Look through the entries below and copy exactly the part that begins with the line containing "Cuore di Cavallo Women's 3-Sock Bundle" and ends with the line containing "Buscobus Logo". Do not copy the pictures.

Given entries:
++++

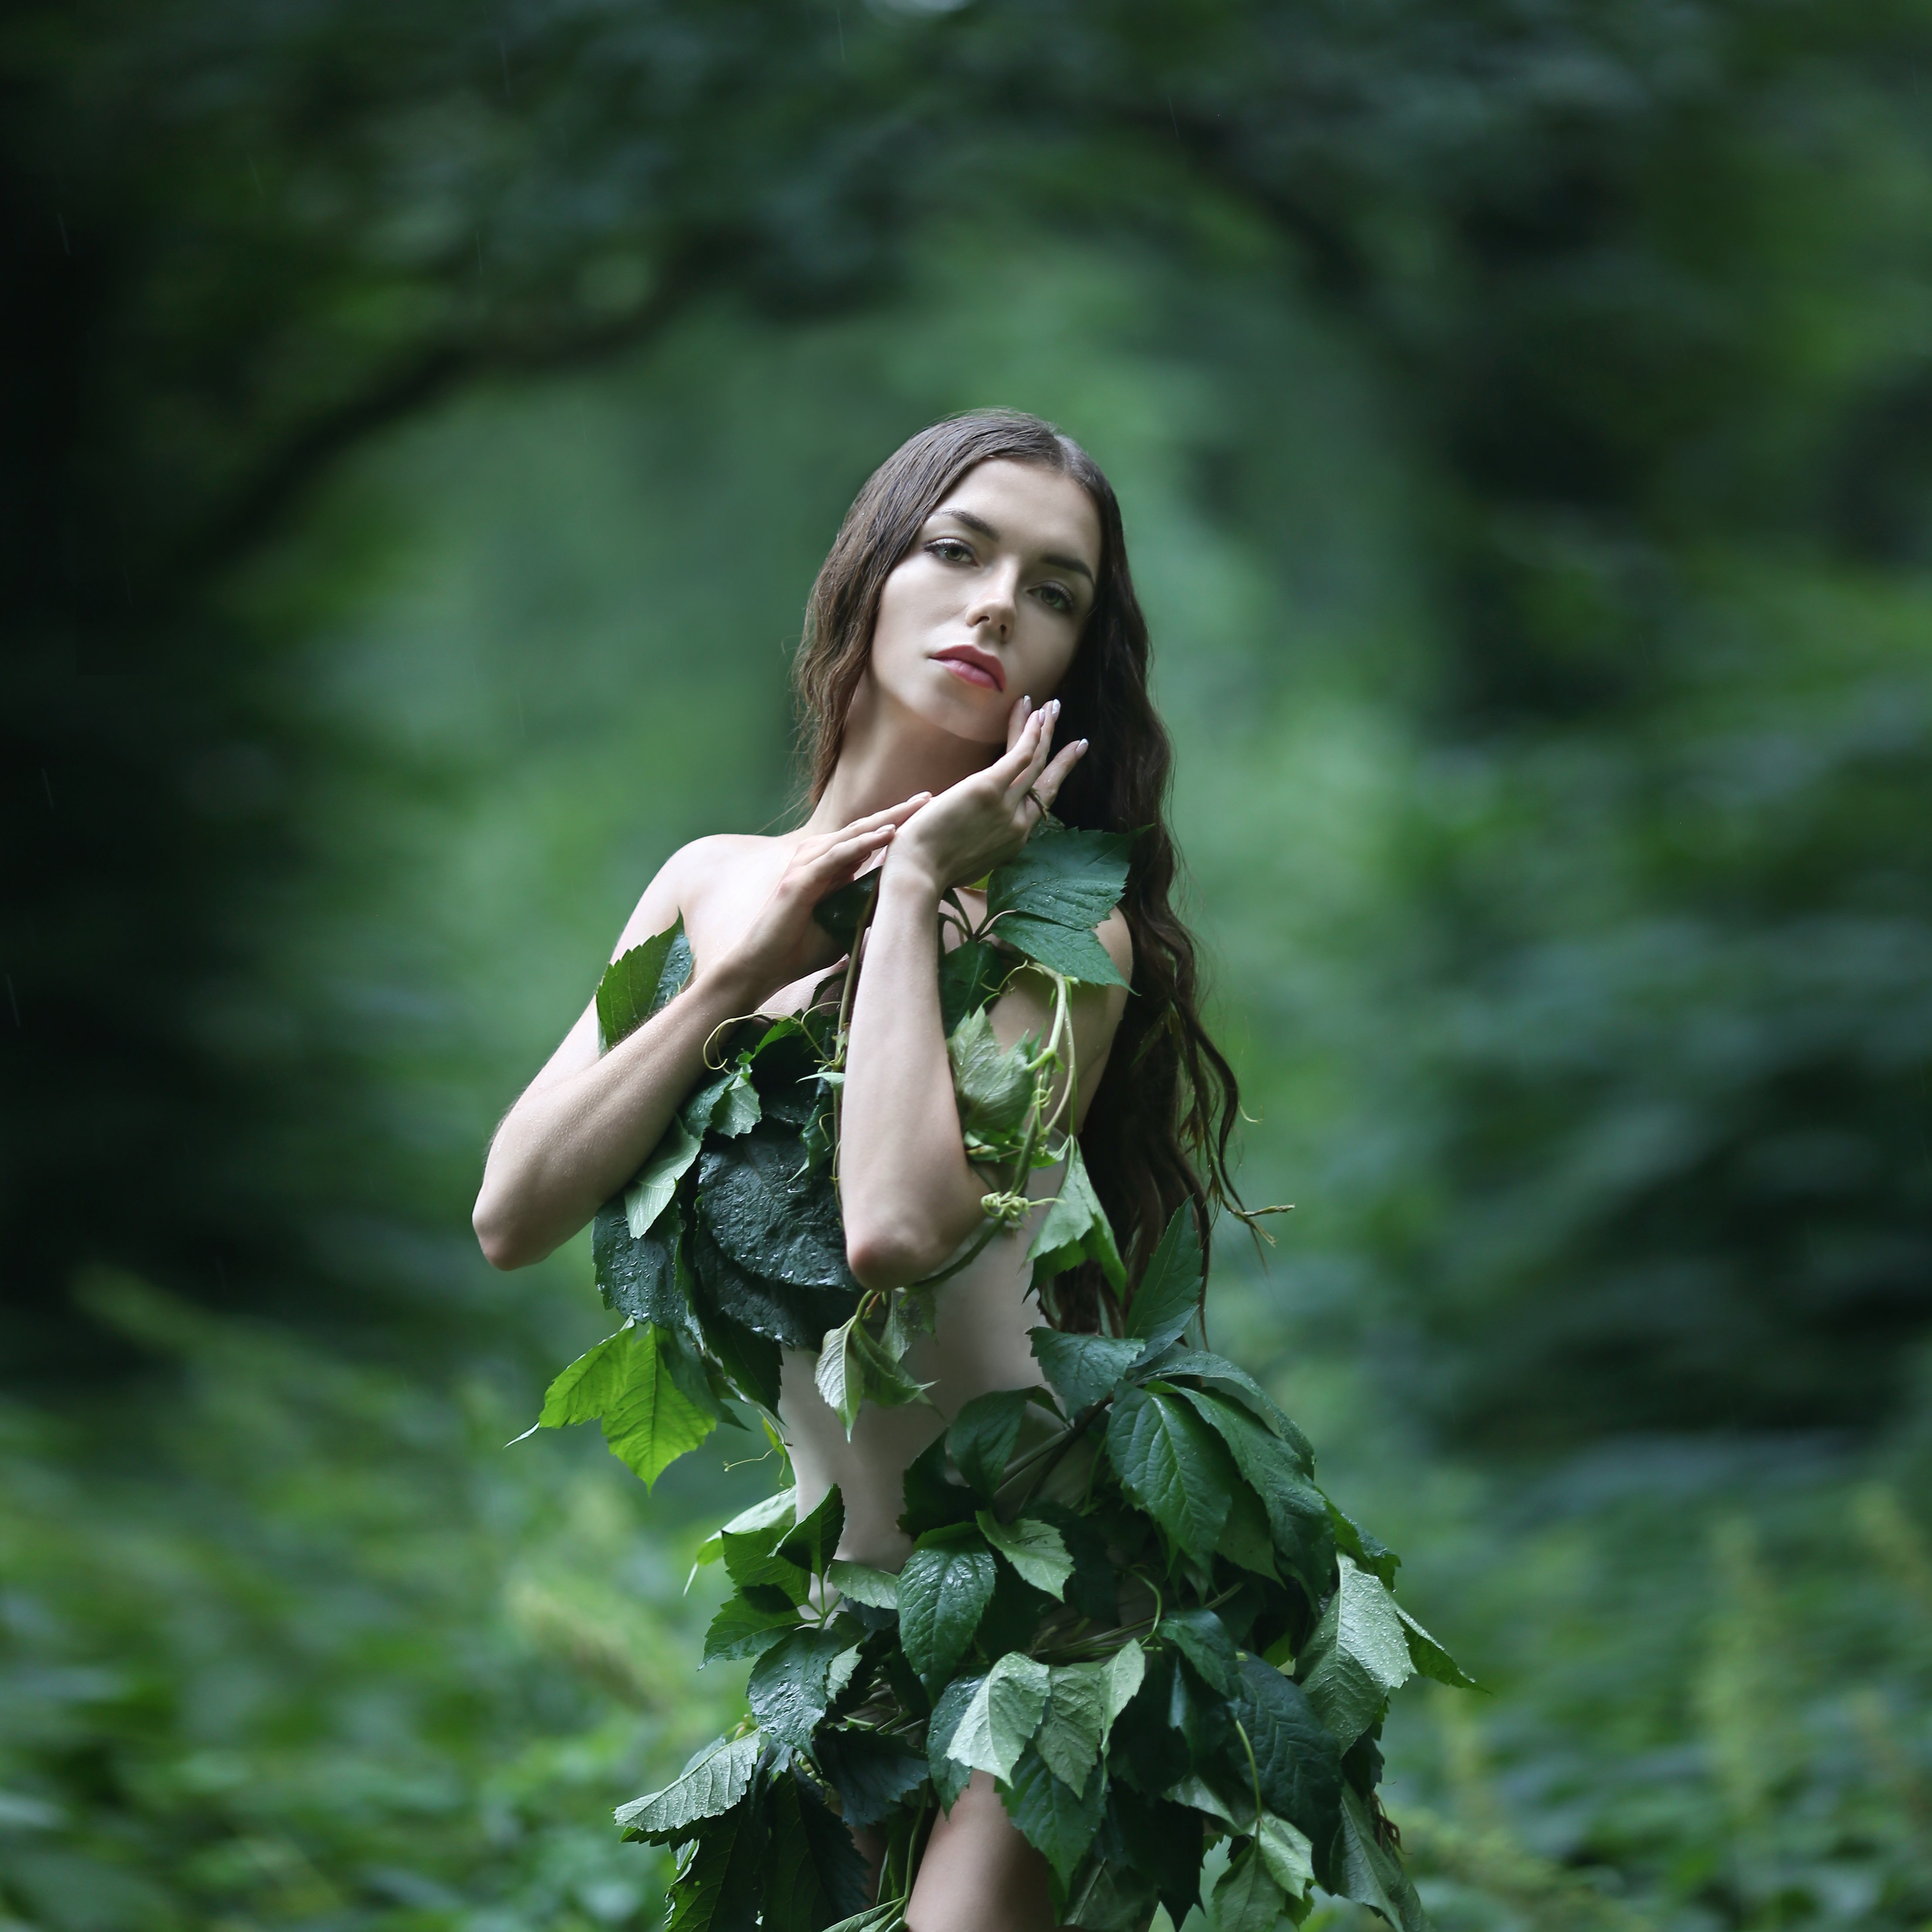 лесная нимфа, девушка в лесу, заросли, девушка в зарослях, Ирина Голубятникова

++++

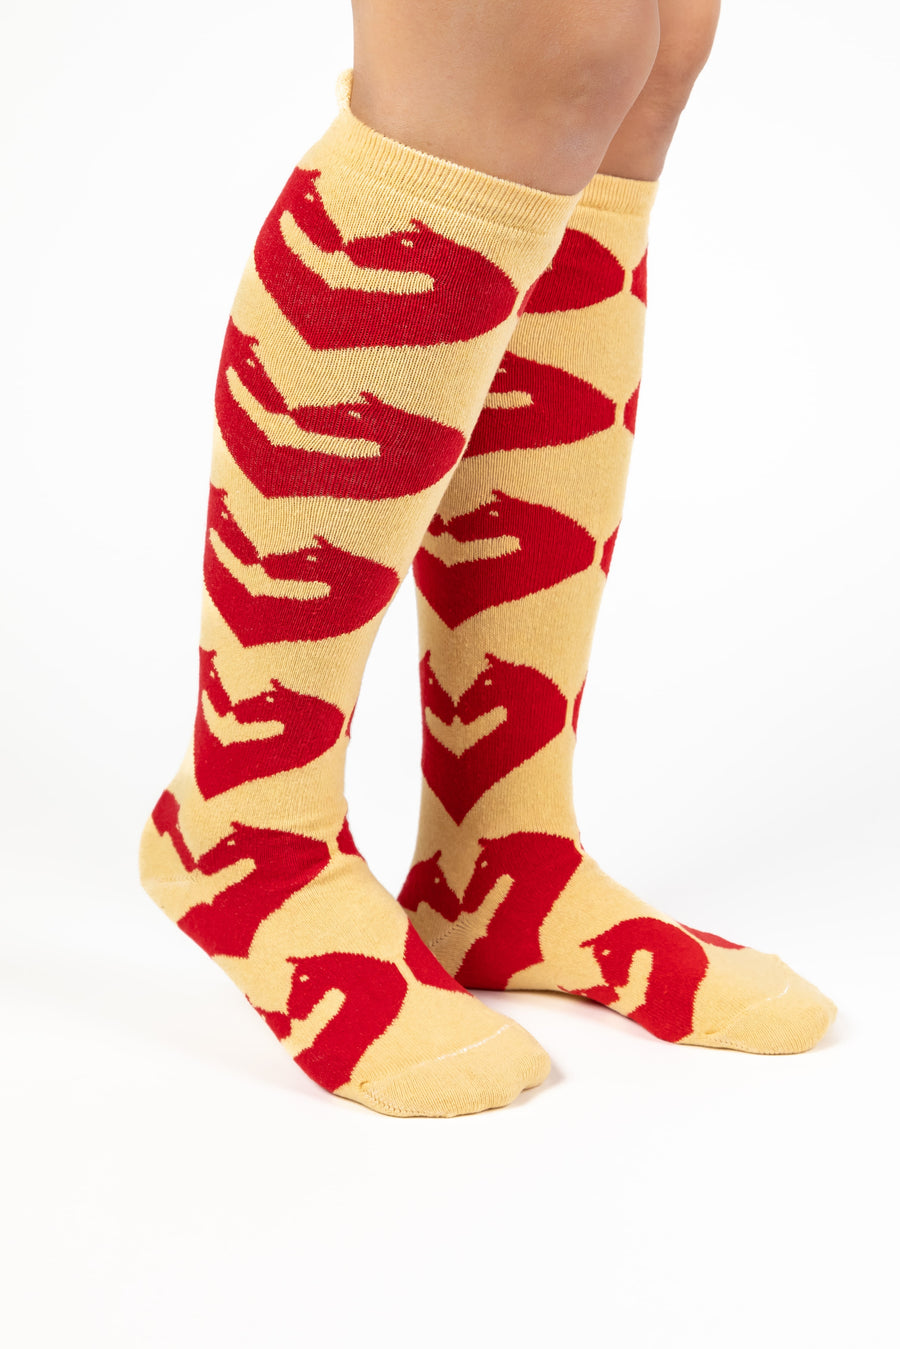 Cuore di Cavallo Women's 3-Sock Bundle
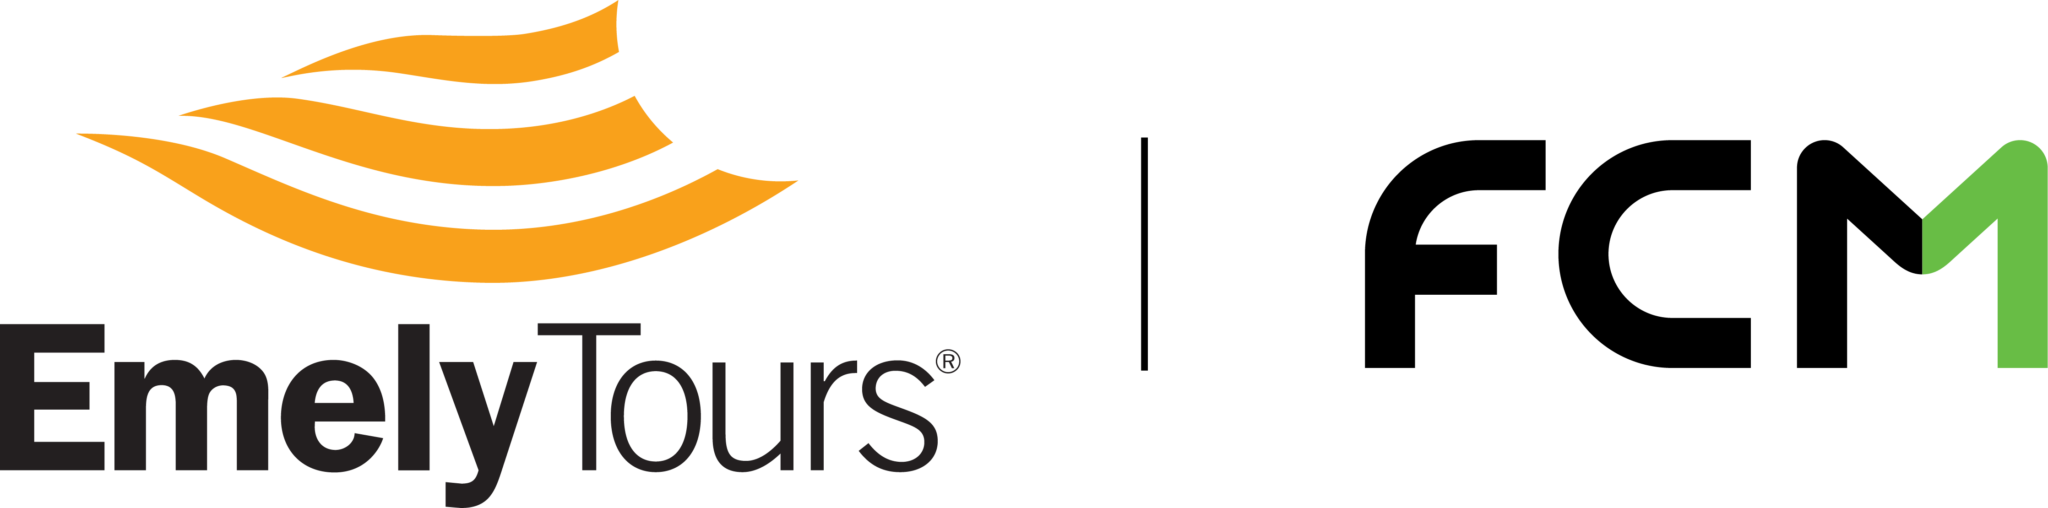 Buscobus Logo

++++

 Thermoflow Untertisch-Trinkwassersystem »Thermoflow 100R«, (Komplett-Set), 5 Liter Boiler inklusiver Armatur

++++

Result of the task:
 Cuore di Cavallo Women's 3-Sock Bundle
 Buscobus Logo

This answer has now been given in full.